QUOTE(Mark_B @ Jul 19 2007, 02:33 PM) ←

Yep I'll second.........err third that!

I've got one of these in the Alpha paul Newman homage and they work nicely and feel good quality.

Where are these available from as I have a project of my own (ongoing for ages awaiting a suitable mov't) that one of these mov't might suit?

cheers,

Mark.

PM Sent


----------



## PhilM (Nov 5, 2004)

mach 0.0013137 said:


> PhilM said:
> 
> 
> > jasonm said:
> ...


Bridlington is in the UK


----------



## James (Jul 17, 2006)

Actually although I don't have an RLT I would think they need some more time tested abuse before you would actually want to see them in an RLT no? They are an attractive movement though


----------



## jasonm (Nov 22, 2003)

James said:


> Actually although I don't have an RLT I would think they need some more time tested abuse before you would actually want to see them in an RLT no? They are an attractive movement though


Interesting point James, I asked the question on the forum a while ago, are 'we' ( watch type people) ready to accept Chinese movements yet? Some of us have them, but do we really think they are acceptable as a mainstream movement to be taken seriously or are they still a bit of a novelty ?


----------



## Xantiagib (Apr 22, 2005)

James said:


> Actually although I don't have an RLT I would think they need some more time tested abuse before you would actually want to see them in an RLT no? They are an attractive movement though


I know what you mean but the movement is machined from the Venus 175 tooling sold to the chinese by the swiss in the 60s so its quite tried and tested.
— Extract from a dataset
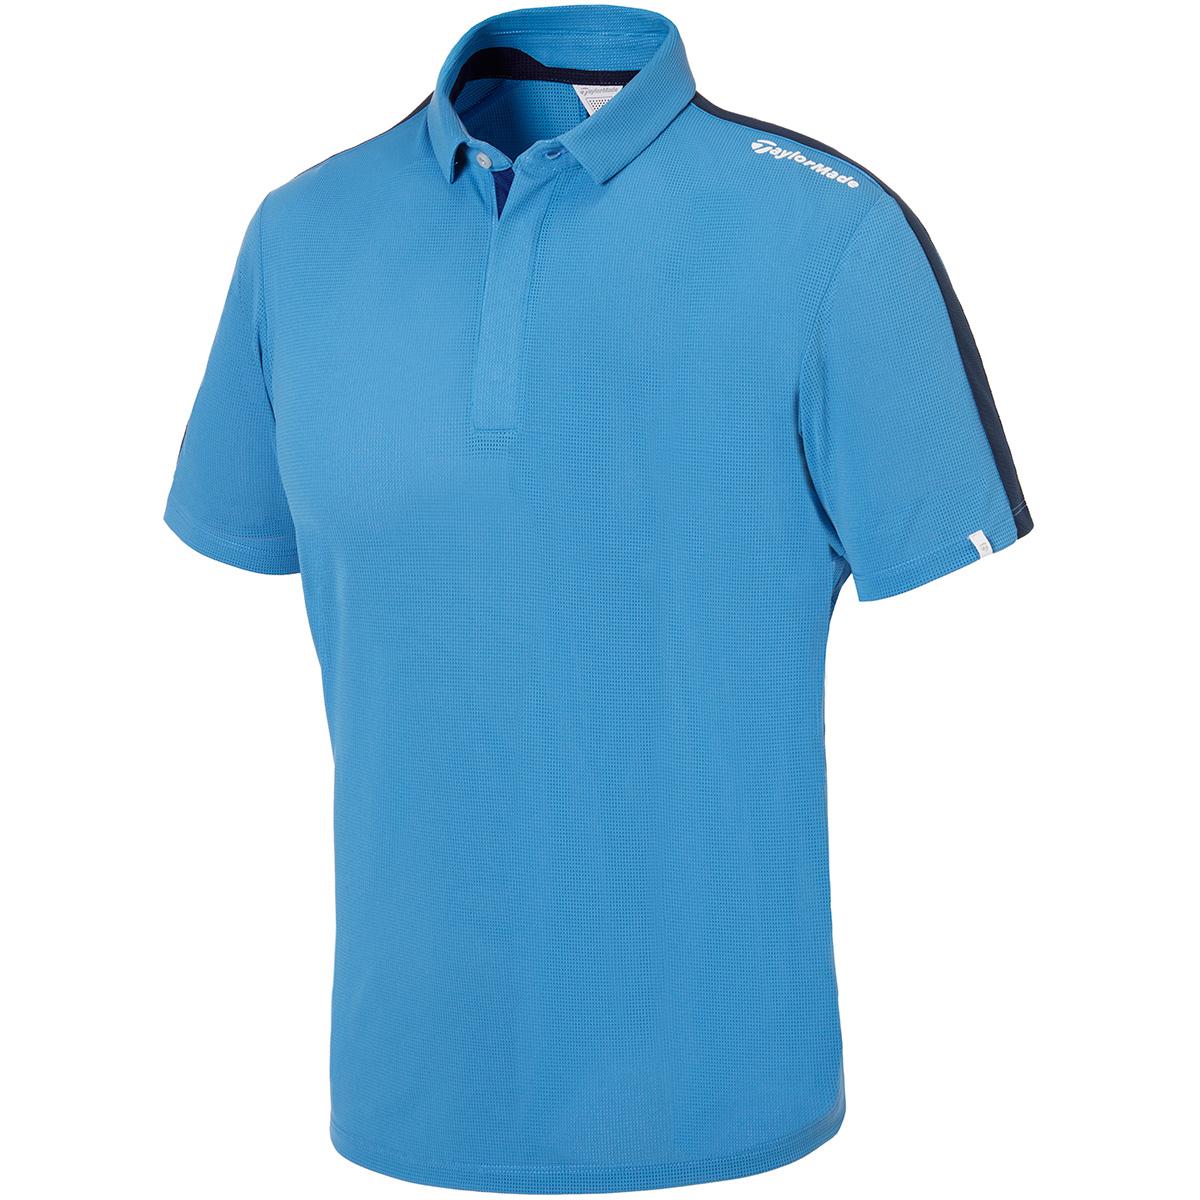 ストレッチ ベンチレーティッドラインド 半袖ポロシャツ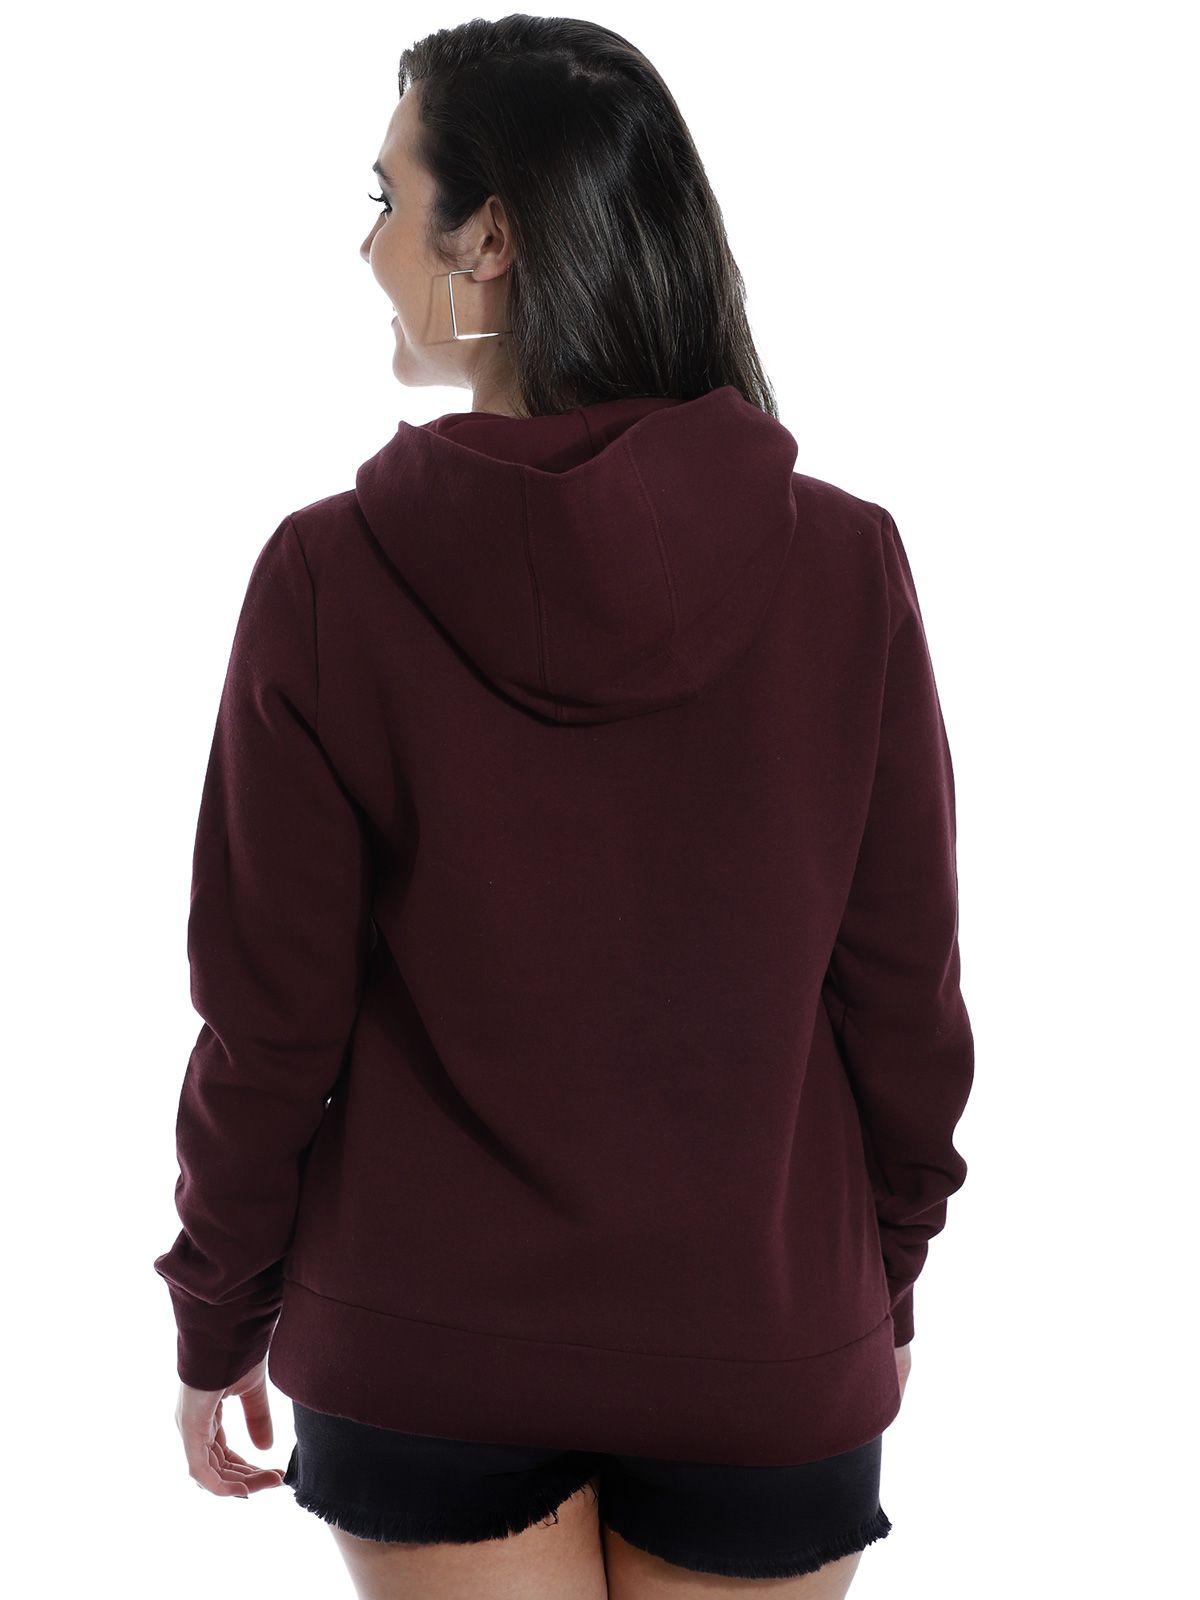 Blusão Moletom Feminino com Ziper Lateral Anistia Bordo

But of course we would all prefer if an RLT would have NOS Venus 175s in them - but then they'd be unaffordable to most of us (and I doubt anyone can find that many NOS at once)

Theoretically using the chinese movement - we'd all get a chnace on an RLT that we can afford.


----------



## PhilM (Nov 5, 2004)

So it sounds like there's a need for an RLT manual wind Chrono









Just need to see if our in house bespoke watch maker will make it for us


----------



## mach 0.0013137 (Jan 10, 2005)

Xantiagib said:


> James said:
> 
> 
> > Actually although I don't have an RLT I would think they need some more time tested abuse before you would actually want to see them in an RLT no? They are an attractive movement though
> ...


I think it would be important to consider here that if Roy did decide to make an RLT chrono with a Chinese movement he would probably not be able to sell it at the sort of prices we have become accustom to from the likes of Alpha without making a substantial loss


----------



## Xantiagib (Apr 22, 2005)

Fair point about the pricing... where an alpha or a seagull would cost you less than an RLT

the RLT would have to be that bit more special - a limited edition of 20 or something, being an RLT would justify the price of Â£149.00 lets say.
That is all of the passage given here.